This is still the most unexpected comeback in rock history, right? Especially considering it happened before, during and after Nirvana?
Aerosmith, pt. 2: Anthony's Album Guide
Would you believe these guys had their first no. 1 single after appearing in Wayne’s World 2?

GLIB XENNIAL WARNING: Not only do my caveats about Steven Tyler’s backstage boogie in pt. 1 remain, this post covers when Aerosmith became “decrepit clowns making millions harmonizing about elevator sex.” Though I learned how cool Rocks was in college, and the de-evolution of Weezer has made me sympathetic to what an embarrassment commercial rock cockroaches can be for early adopters, I can’t pretend this wasn’t the Aerosmith I grew up on. If you still have cultural trauma from watching a scarf-swaddled crypt-keeper shriek at starlets every afternoon on MTV, I respect that, and suggest you ignore my modest affection for it.

Done With Mirrors (1985) 5
Permanent Vacation (1987) 7
Pump (1989) 8
Get A Grip (1993) 6
Nine Lives (1997) 5
A Little South Of Sanity (1998) 4

When we left off, Aerosmith was running on chemical fumes, no original guitarists and no label support. But with the world not clamoring for more Joe Perry Project or Whitford/St. Holmes either, the prodigal riffsmiths returned for a reunion tour in 1984. Fans were jazzed, with Columbia impressed enough by the attention to claim rights on the related live recordings, Geffen giving the band a deal for new studio stuff.
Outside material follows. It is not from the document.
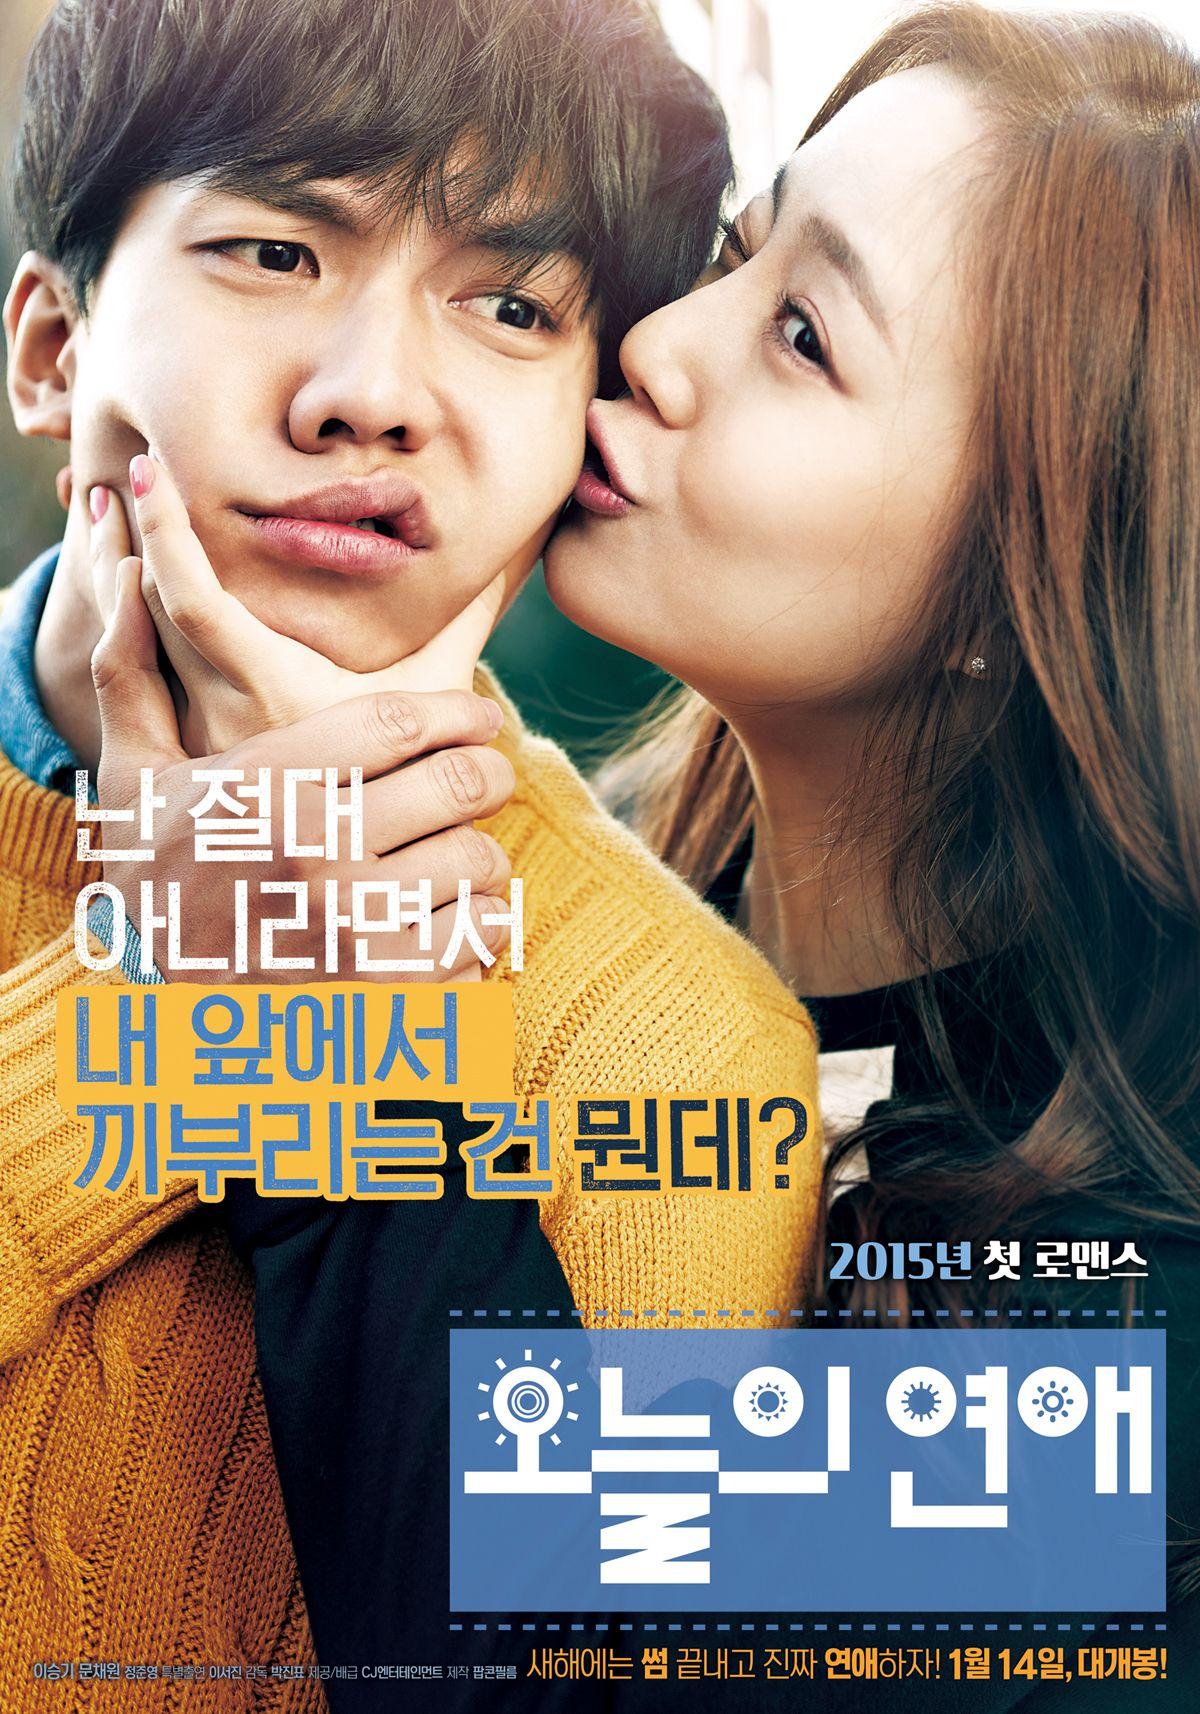 I love asian movies

Marty Callner didn't direct this one.

Though certainly more credible than the faceless, forced Rock In A Hard Place, I’m not sure why anyone would get off on Done With Mirrors today, except as a rebuke of what’s to come. The album is a “back to roots” move, in that it resembles an updated version of their 1973 debut: a relatively leaden, tentative effort from a group that might outshine Alice Cooper on a good night for them, or a bad night for Alice. Producer Ted Templeman was hot off Van Halen’s 1984, which might explain why drummer Joey Kramer is buried in ‘80s echo, and why it sounds like there’s only one guitarist despite Joe Perry and Brad Whitford both back on board. I file Mirrors with Too Tough To Die, Little Creatures and Dirty Work as proof the mid-'80s was a rough time to be a critic standing by '70s rockers. I was still in short-pants, admittedly, and can’t say for sure.

Coincidentally (or not, as producer Rick Rubin’s lightbulb might have come from by Chuck Eddy’s rap-referencing review of Done With Mirrors), a windfall arrived when Run-DMC invited Perry & Steven Tyler to join them on a scratch-happy version of “Walk This Way.” As MTV taught a young generation about “The Toxic Twins,” Aerosmith’s new manager Tim Collins got them into rehab, and pop-metal A&R guru John Kalodner convinced them to incorporate all the bells & whistles Done With Mirrors abjured, aided by Bon Jovi producer Bruce Fairbairn. The stars had aligned for a comeback far larger than the AOR touring circuit and the Village Voice.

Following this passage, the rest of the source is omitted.